Because the experimental data on the calcium transient are from only one cell, we arbitrarily set the SEM of each of the calcium transient features to 40% in our optimization procedure.

Cost function

In our optimization procedure, we minimized the overall cost function FCost, which was defined as:

$$FCost=\sum _{\mathrm{i}}Cos{t}_{\mathrm{i}}$$

in which Cost _i denotes the individual contribution of feature i to the overall cost.
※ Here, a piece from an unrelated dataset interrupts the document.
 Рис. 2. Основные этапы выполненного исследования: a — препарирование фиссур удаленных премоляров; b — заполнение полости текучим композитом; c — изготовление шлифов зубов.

Cost _i is described as (Fig. A1):

$$\left\{\begin{array}{cc}{\mathit{Cost}}_{\mathrm{i}}=\frac{\left|Featur{e}_{\mathrm{i},\mathrm{Exp}}-Featur{e}_{\mathrm{i},\mathrm{Sim}}\right|-{\mathit{SEM}}_{\mathrm{i}}}{{\mathit{SEM}}_{\mathrm{i}}}{\mathit{weight}}_{\mathrm{i}}& if\left|{\mathit{Feature}}_{\mathrm{i},\mathrm{Exp}}-{\mathit{Feature}}_{\mathrm{i},\mathrm{Sim}}\right|>\mathit{SEM}\\ 0& \mathit{otherwise}\end{array}\right.$$

Figure A1. Cost function in optimization procedure.

Contribution Cost _i of feature i to the overall cost function (FCost).
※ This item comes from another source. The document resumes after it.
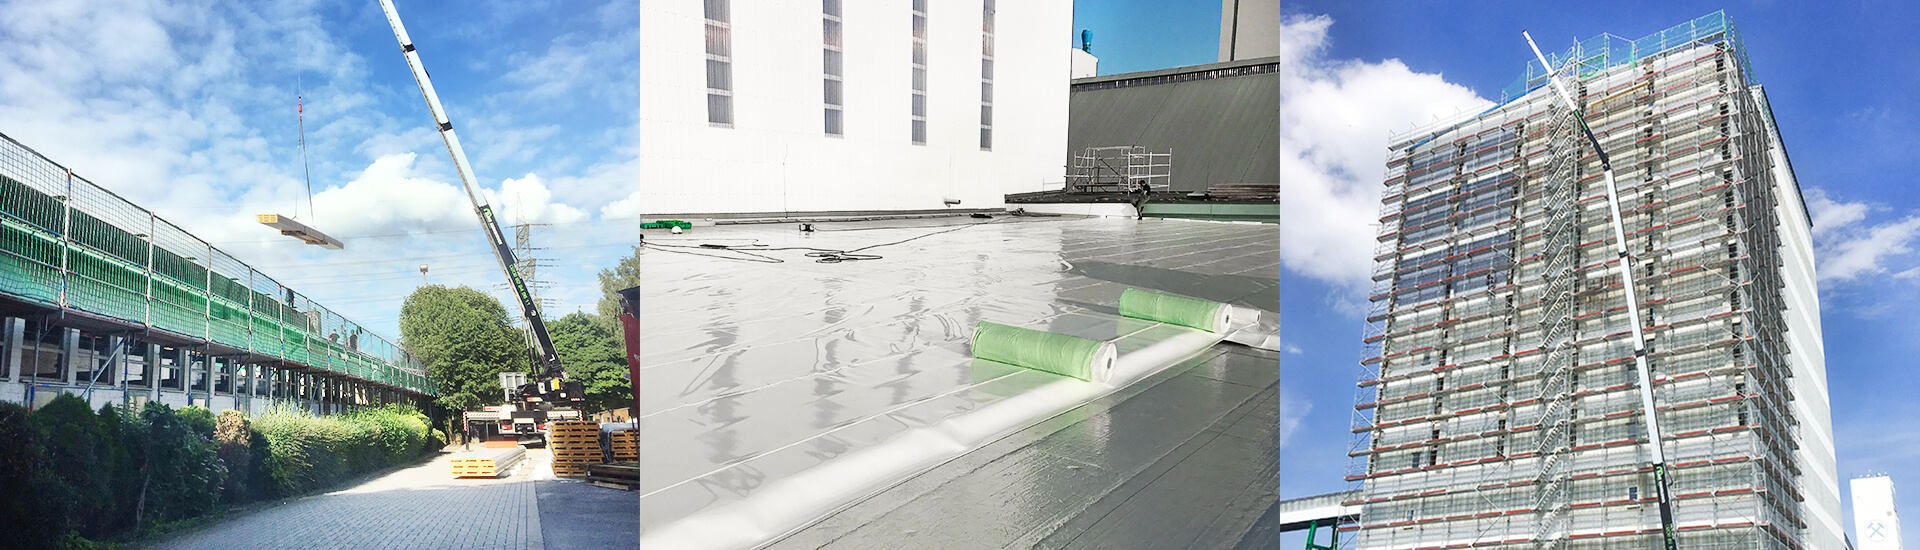 Referenzen für Dächer und Fassadenverkleidungen

We set weight _i = 2 for MDP, CL and CL prolongation induced by Cs⁺, whereas weight _i was set to 1 for all other features.
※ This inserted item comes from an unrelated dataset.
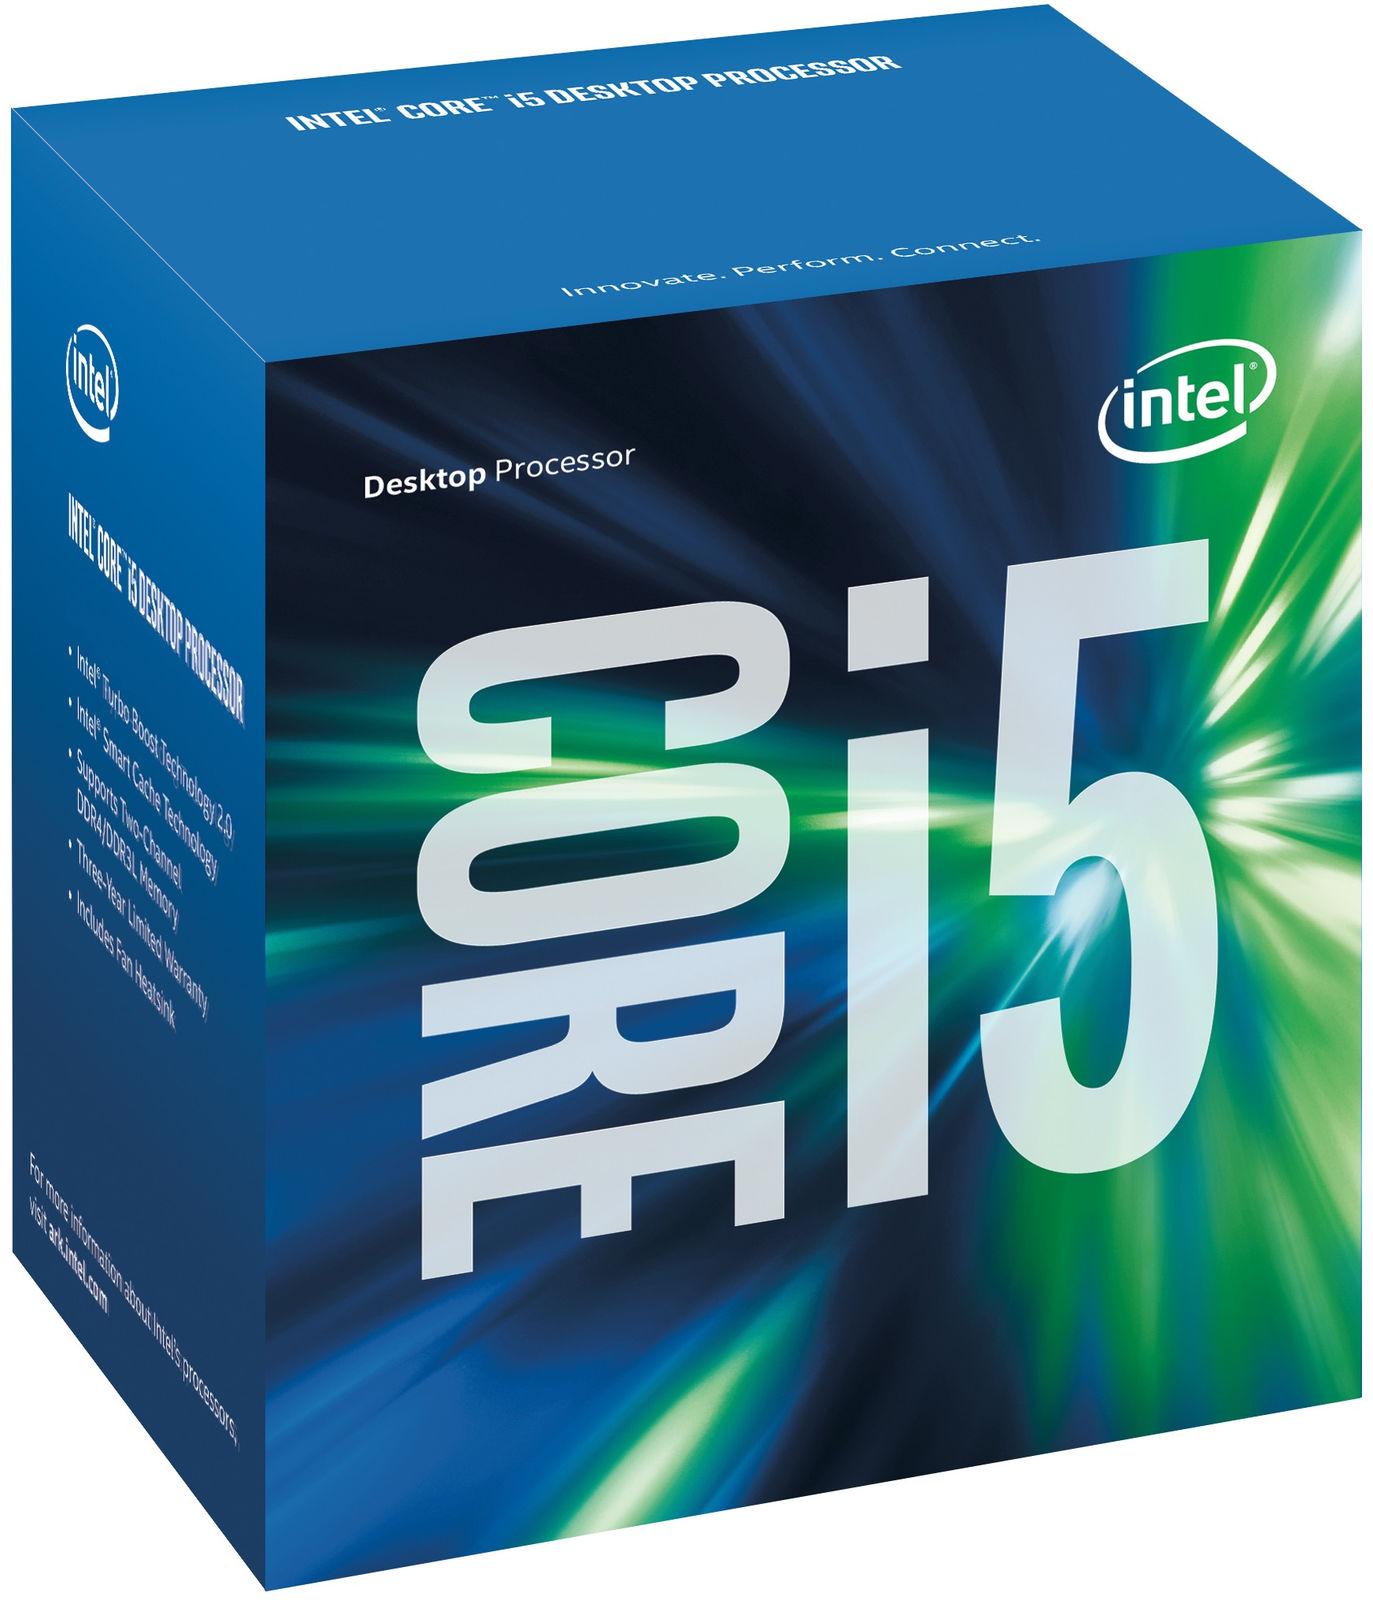 Intel Core i5-7500 processor 3.4 GHz Box 6 MB Smart Cache

Search method and stop criterion

The initial values of the selected parameters were obtained from the parent (rabbit) model and then manually tuned to achieve beating rate and action potential morphology close to the experimental human data. Such initial values were then employed to perform the above‐mentioned finer automatic optimization.

The minimization of the overall cost function FCost was based on the Nelder–Mead simplex method (Lagarias et al. 1998). The automatic optimization procedure stopped when FCost converged on a local minimum.

Parameter constraining

To determine whether the parameters are well constrained we followed the approach by Sarkar and Sobie (2010). Accordingly, the extended Bayes theorem was exploited to define a range for parameters, for which a population of models is able to reproduce behaviour in agreement with experimental data. The parameter constraining is performed by increasing the number of features to satisfy: the higher the number of selected features, the lower the number of compatible parameter sets. In a similar way, we selected MDP, CL, APD₉₀ and DDR₁₀₀ from the available 13 extracted features, within the target range (i.e. mean ± SEM of experimental values) and obtained the ranges in Table A1.

Table A1.

Nominal values and ranges for the optimized parameters

Parameters	Units	Nominal	Range (minimum – maximum)
g Kur	μS	1.539 × 10−4	0.9895–1.633 × 10−4
P CaT	nA mm −1	0.04132	0.04132–0.05191
P CaL	nA mm −1	0.4578	0.3475–0.5262
V dL	mV	−16.45	−20.97 to −13.73
k dL	mV	4.337	3.892–4.401
I NaK,max	nA	0.08105	0.0623–0.1063
K NaCa	nA	3.343	2.733–4.964
K up	nm	286.1	204.6–356.2
k s	s−1	1.480 × 108	1.460–1.847 × 108
τdifCa	s	5.469 × 10−5	5.469–7.951 × 10−5
kf CM	mm s−1	1.642 × 106	1.164–1.839 × 106
kf CQ	mm s−1	175.4	155.2–194.6

The collected values show an adequately constrained range for the optimized parameters. To achieve this result, we exploited a priori knowledge during the optimization procedure; accordingly, we avoided non‐physiological values (negative conductances or values too far from data reported in literature), assigning high scores to their cost function.

The achievement of more than one parameter set that falls into experimental ranges could attest the robustness of the model, which is able to adequately compensate for parameter changes without adopting parameter values beyond the physiological range.